[Collected data entries]
((

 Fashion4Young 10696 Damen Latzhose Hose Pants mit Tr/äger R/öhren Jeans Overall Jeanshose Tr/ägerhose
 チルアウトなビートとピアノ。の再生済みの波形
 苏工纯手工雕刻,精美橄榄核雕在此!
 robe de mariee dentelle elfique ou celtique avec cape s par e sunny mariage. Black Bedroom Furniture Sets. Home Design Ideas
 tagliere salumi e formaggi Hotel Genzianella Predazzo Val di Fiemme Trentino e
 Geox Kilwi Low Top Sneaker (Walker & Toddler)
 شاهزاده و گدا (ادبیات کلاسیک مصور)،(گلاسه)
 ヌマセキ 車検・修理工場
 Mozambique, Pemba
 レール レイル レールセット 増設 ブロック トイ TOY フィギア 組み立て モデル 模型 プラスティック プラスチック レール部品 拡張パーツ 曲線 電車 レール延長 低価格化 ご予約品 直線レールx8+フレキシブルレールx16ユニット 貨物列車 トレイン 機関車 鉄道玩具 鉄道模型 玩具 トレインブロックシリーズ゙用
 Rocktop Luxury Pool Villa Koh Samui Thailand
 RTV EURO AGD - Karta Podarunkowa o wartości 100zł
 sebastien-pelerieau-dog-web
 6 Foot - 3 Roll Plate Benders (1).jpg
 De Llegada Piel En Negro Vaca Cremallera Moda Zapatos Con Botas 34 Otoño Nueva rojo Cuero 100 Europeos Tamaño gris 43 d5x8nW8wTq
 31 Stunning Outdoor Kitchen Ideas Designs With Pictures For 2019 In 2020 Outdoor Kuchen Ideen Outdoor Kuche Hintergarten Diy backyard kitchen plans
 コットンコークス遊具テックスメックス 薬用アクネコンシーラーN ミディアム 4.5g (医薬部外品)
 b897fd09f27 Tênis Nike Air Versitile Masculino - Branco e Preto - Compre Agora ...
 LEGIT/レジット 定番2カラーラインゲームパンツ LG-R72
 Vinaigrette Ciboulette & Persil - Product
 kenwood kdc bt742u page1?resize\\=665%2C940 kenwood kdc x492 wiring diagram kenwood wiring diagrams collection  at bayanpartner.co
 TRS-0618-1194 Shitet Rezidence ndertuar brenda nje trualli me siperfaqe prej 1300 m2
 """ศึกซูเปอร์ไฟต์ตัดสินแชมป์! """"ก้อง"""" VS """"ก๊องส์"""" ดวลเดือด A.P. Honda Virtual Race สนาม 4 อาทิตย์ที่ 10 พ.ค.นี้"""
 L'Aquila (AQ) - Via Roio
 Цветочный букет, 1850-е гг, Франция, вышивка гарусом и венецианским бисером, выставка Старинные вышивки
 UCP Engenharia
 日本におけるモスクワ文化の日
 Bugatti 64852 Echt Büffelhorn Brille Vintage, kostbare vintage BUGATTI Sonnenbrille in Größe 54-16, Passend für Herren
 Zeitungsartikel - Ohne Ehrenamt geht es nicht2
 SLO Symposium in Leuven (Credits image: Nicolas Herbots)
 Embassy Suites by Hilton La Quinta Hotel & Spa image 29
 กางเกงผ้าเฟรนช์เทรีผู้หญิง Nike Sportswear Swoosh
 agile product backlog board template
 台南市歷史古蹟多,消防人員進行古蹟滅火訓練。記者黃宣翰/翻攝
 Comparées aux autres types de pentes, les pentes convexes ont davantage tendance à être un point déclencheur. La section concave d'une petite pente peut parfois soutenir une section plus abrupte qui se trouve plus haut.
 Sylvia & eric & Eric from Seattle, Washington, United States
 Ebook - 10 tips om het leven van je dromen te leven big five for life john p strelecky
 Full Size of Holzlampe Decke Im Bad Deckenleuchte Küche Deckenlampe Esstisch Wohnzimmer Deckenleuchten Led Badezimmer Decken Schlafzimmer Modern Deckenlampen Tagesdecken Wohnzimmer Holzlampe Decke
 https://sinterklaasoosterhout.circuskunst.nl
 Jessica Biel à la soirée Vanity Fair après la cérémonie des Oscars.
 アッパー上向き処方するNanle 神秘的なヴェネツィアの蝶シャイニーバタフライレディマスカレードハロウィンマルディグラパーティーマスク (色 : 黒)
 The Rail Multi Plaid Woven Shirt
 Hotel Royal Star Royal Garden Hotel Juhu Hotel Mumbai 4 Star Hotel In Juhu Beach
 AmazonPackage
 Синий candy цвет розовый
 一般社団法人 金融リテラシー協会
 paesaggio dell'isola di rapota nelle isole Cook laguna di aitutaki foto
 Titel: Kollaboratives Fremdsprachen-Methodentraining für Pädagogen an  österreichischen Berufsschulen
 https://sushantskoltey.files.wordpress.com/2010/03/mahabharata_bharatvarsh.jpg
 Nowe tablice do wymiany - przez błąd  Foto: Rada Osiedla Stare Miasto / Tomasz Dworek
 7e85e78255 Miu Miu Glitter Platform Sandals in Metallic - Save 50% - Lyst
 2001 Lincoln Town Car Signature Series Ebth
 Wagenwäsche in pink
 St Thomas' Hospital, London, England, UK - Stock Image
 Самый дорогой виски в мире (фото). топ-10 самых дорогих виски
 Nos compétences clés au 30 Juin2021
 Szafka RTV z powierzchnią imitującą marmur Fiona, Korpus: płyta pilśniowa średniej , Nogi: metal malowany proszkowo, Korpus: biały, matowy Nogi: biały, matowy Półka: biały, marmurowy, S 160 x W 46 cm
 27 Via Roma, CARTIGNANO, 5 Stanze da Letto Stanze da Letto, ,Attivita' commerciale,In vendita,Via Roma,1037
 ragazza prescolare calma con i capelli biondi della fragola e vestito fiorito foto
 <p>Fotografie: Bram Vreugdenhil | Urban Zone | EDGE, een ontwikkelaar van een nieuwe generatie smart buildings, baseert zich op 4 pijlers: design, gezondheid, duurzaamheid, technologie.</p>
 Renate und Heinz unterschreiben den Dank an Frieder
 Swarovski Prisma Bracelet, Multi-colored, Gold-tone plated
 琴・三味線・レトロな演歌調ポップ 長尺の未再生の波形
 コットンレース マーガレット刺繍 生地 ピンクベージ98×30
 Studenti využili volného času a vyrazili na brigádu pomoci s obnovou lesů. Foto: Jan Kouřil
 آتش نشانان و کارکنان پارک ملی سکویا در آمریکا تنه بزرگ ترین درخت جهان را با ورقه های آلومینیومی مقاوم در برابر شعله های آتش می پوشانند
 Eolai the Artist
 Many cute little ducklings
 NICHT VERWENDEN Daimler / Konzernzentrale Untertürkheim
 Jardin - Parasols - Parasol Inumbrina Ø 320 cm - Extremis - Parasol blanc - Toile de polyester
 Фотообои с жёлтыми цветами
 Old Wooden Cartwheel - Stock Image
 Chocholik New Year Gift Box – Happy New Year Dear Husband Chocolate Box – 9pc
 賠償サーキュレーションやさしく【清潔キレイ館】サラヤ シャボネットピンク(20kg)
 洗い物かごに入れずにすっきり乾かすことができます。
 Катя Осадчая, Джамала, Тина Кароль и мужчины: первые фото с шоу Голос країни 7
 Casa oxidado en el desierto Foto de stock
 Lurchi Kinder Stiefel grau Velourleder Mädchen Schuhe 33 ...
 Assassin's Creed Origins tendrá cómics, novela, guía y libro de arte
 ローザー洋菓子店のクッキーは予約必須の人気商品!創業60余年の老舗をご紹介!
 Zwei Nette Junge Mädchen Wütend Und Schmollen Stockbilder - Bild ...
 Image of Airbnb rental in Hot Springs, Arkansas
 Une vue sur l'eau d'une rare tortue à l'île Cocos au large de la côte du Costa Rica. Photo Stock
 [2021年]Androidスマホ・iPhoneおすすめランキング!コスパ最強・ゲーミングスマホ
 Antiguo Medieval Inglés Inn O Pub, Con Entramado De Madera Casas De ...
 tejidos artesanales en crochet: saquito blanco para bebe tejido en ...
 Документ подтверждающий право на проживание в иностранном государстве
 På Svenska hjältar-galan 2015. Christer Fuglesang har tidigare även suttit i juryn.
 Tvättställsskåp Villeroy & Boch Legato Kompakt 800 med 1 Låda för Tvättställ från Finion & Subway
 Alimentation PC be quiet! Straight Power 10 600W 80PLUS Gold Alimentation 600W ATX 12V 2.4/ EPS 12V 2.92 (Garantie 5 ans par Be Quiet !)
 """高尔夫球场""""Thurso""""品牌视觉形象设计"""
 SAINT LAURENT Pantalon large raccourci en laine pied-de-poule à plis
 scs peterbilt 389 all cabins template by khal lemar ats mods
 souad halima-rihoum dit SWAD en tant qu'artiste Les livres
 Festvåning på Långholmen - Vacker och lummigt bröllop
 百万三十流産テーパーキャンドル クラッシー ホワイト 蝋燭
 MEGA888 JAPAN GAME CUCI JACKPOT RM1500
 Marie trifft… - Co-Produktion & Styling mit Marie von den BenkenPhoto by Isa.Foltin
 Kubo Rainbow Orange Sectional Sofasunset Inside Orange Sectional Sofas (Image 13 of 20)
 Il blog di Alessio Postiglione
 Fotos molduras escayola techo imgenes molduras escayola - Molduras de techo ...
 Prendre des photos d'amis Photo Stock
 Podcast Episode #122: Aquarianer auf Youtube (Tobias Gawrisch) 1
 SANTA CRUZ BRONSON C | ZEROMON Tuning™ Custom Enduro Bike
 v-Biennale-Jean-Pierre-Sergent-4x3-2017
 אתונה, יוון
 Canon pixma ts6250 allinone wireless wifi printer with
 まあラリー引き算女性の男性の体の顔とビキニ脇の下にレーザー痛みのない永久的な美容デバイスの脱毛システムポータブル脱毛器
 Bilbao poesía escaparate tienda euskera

))

_Problem description_
Above are the entries. Copy exactly the part that opens with the line containing "RTV EURO AGD" and closes with the line containing "kenwood kdc bt742u", and no more.

_Output for this task_
 RTV EURO AGD - Karta Podarunkowa o wartości 100zł
 sebastien-pelerieau-dog-web
 6 Foot - 3 Roll Plate Benders (1).jpg
 De Llegada Piel En Negro Vaca Cremallera Moda Zapatos Con Botas 34 Otoño Nueva rojo Cuero 100 Europeos Tamaño gris 43 d5x8nW8wTq
 31 Stunning Outdoor Kitchen Ideas Designs With Pictures For 2019 In 2020 Outdoor Kuchen Ideen Outdoor Kuche Hintergarten Diy backyard kitchen plans
 コットンコークス遊具テックスメックス 薬用アクネコンシーラーN ミディアム 4.5g (医薬部外品)
 b897fd09f27 Tênis Nike Air Versitile Masculino - Branco e Preto - Compre Agora ...
 LEGIT/レジット 定番2カラーラインゲームパンツ LG-R72
 Vinaigrette Ciboulette & Persil - Product
 kenwood kdc bt742u page1?resize\\=665%2C940 kenwood kdc x492 wiring diagram kenwood wiring diagrams collection  at bayanpartner.co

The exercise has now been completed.